In our final interview, the president talked irritably of how he believed there was an "elite" class in America that thought he could do nothing right. He was more guarded than ever, often answering that he could not remember details and emphasizing many times how much he had turned over to Steve Hadley. There was an air of resignation about him, as if he realized how little he could change in the eight months he had left as president.

He alternately insisted that he was "consumed" by the war, "reviewing every day," before adding, "But make sure you know, it's not as though I'm sitting behind the desk and totally overwhelmed by Iraq, because the president's got to do a lot of other things."

By his own ambitious goals of 2001, Bush had fallen short. He had not united the country but had added to its divisions, and he himself had become the nation's most divisive figure. Even the president acknowledged that he had failed "to change the tone in Washington." He had not rooted out terror wherever it existed. He had not achieved world peace. He had not attained victory in his two wars.

* * *

On August 7, 2007, my assistant Brady Dennis and I went to see former Defense Secretary Robert McNamara, one of the architects of the Vietnam War. In his 1995 book,
In Retrospect,
McNamara had owned up to his mistakes and concluded that the United States could have withdrawn from Vietnam much earlier without serious consequence to national security.

We sat with McNamara in the white-carpeted living room of his Watergate apartment. At 91, his mind was still lively, and his blue eyes still flickered with enthusiasm. Throughout the three-hour interview, he kept returning to one theme: The major disagreements about the Vietnam War too often had not been put on the table before President Johnson, especially with all his key advisers present. Too few people had expressed their reservations, and the president hadn't exactly sought them out.

"I am absolutely positive that most leaders wish to avoid confrontation among their senior people, particularly in front of them," McNamara said. "And that's a serious weakness. I think every leader should force his senior people to confront major issues in front of him." Presidents want to maintain harmony. "They steer away from conflict."

McNamara believed that was a great disservice.

McNamara said he thought he was being loyal to Lyndon Johnson at the time by going along with the president's policy on the war. "As I look back on it," he said, "I should have been more forceful in forcing Johnson to address these issues." When he announced his resignation in 1967, he said, "I felt at the end very reluctant to expose the differences that existed. I was worried they might get out. And I was worried that they would make the job of the president more difficult, because [internal memos] basically said we're losing."

* * *

One final question: Who pays the price of war? I don't mean the billions of dollars spent each year on it. I mean the human cost. That falls to the 140,000 service members and to their loved ones. They are the ones losing limbs, losing lives, and losing years to deployments halfway around the world. A friend of mine labeled this the "ripple of human misery" that disperses slowly, quietly throughout every corner of the country, often unnoticed by the majority of Americans.

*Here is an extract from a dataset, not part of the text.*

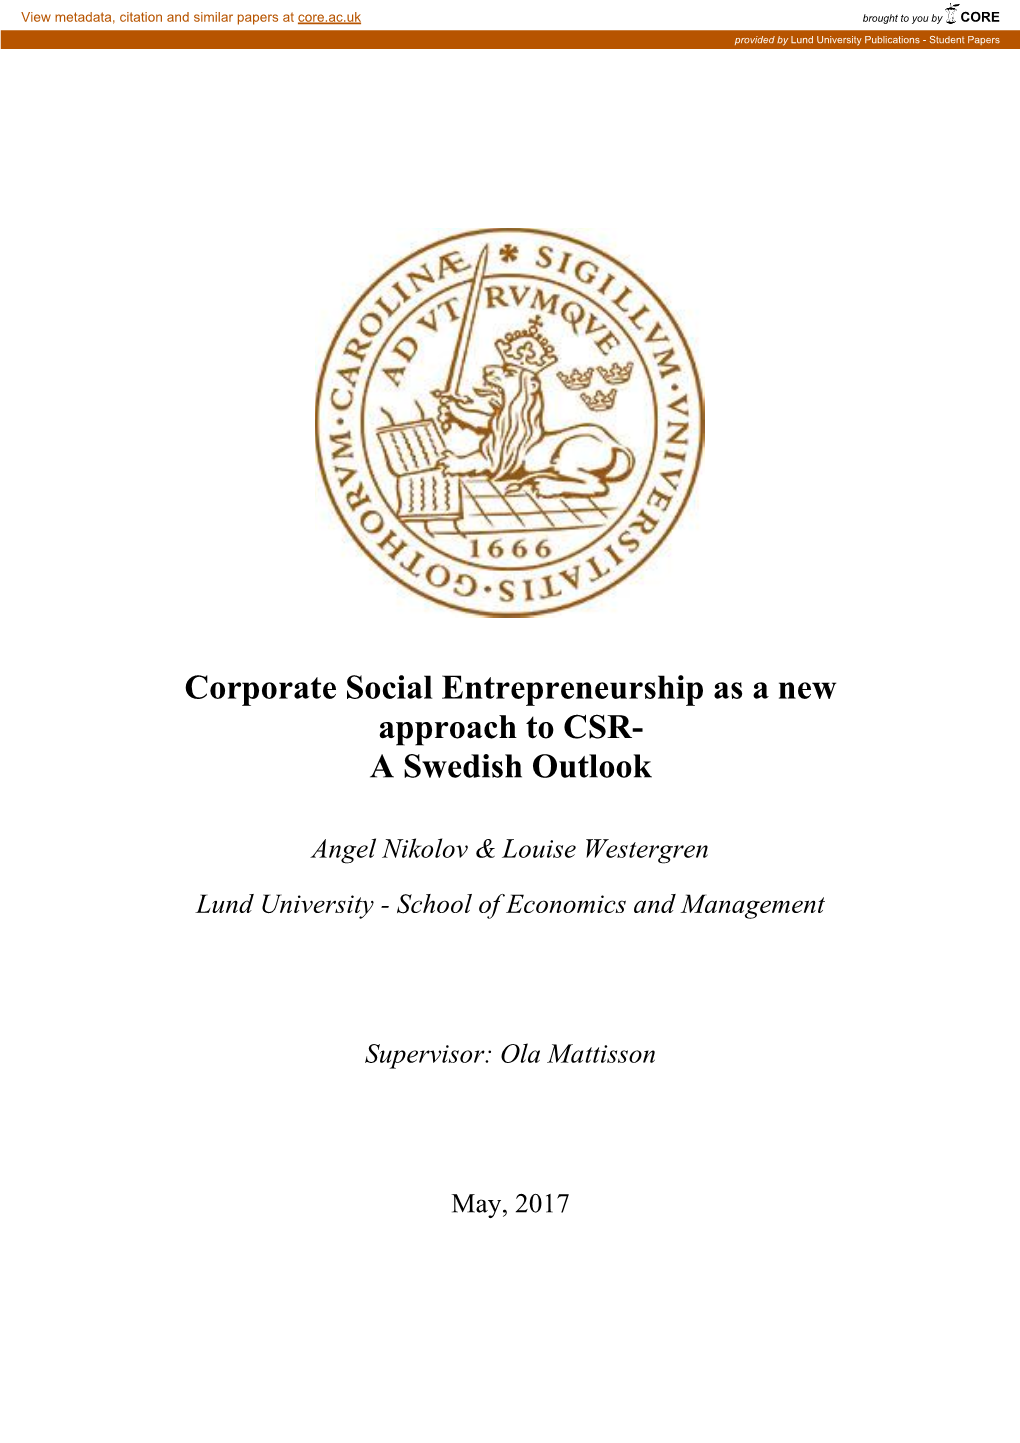 Corporate Social Entrepreneurship As a New Approach to CSR- a Swedish Outlook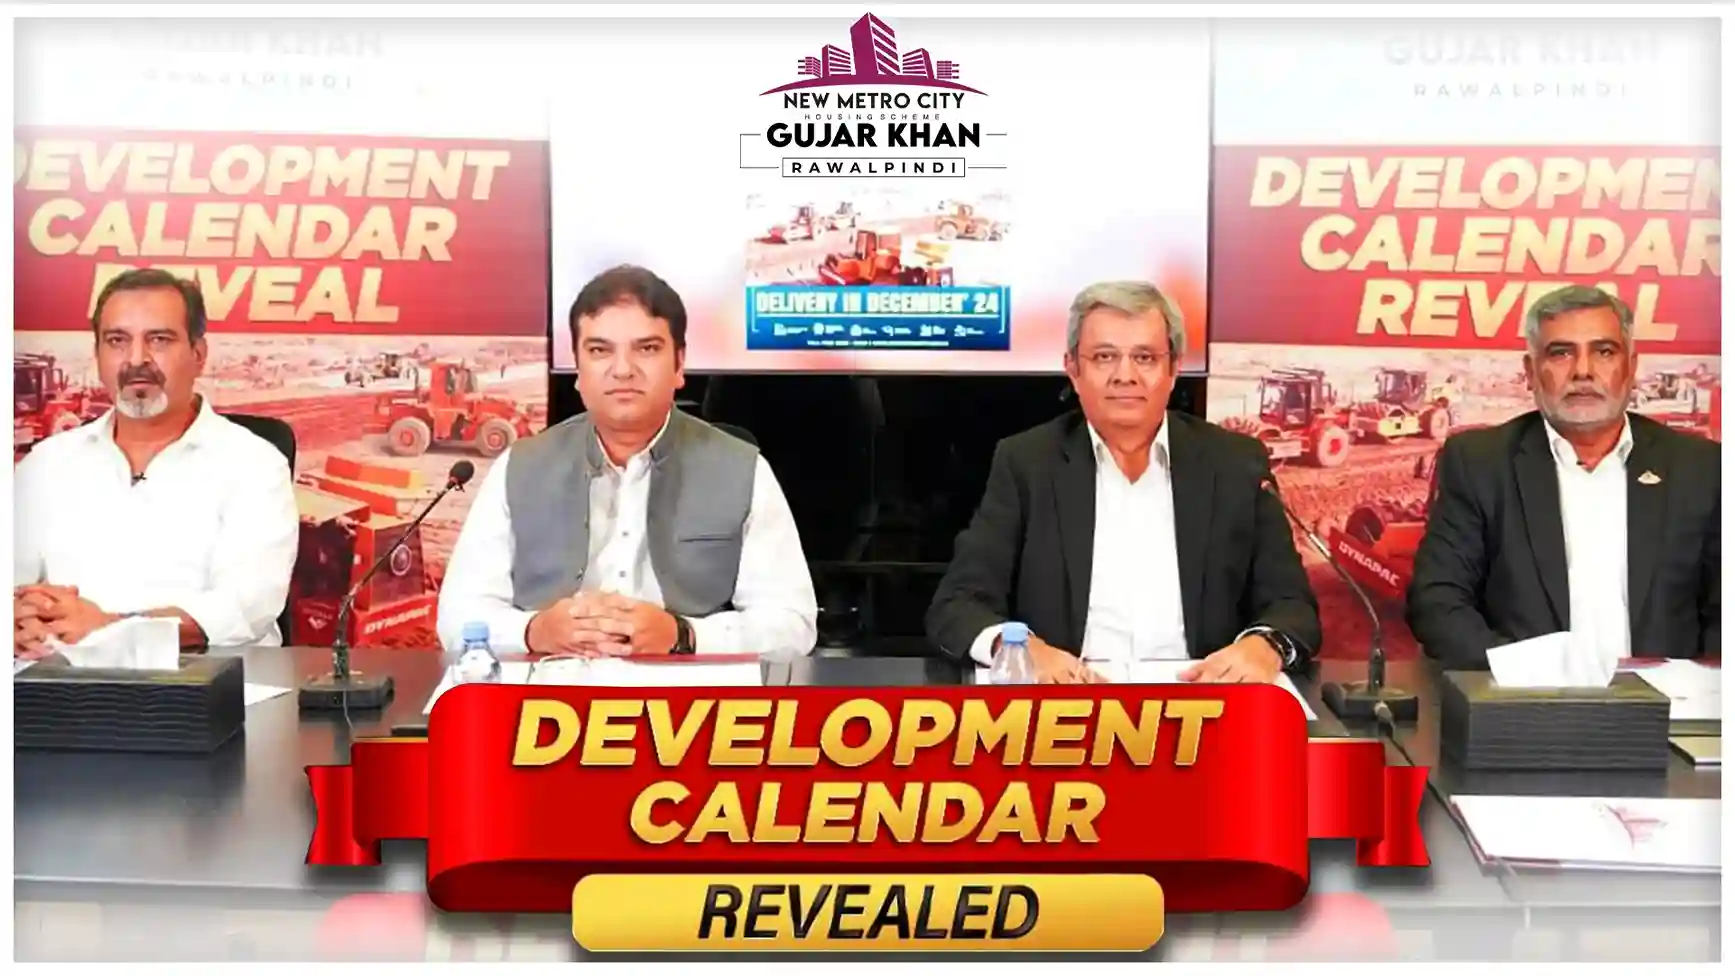 New Metro City Gujar Khan Development calender

Those who serve and their families are the surrogates of all Americans. They bear the risk and the strain of a year or more in a violent foreign land. So many have spent their youth and spilled their blood in a fight far from home. What do we owe them? Everything. And what have we given them? Much less than they deserve.

President Bush has rarely leveled with the public to explain what he was doing and what should be expected. He did not seek sacrifice from most of the country when he had the chance. He did not even mobilize his own party.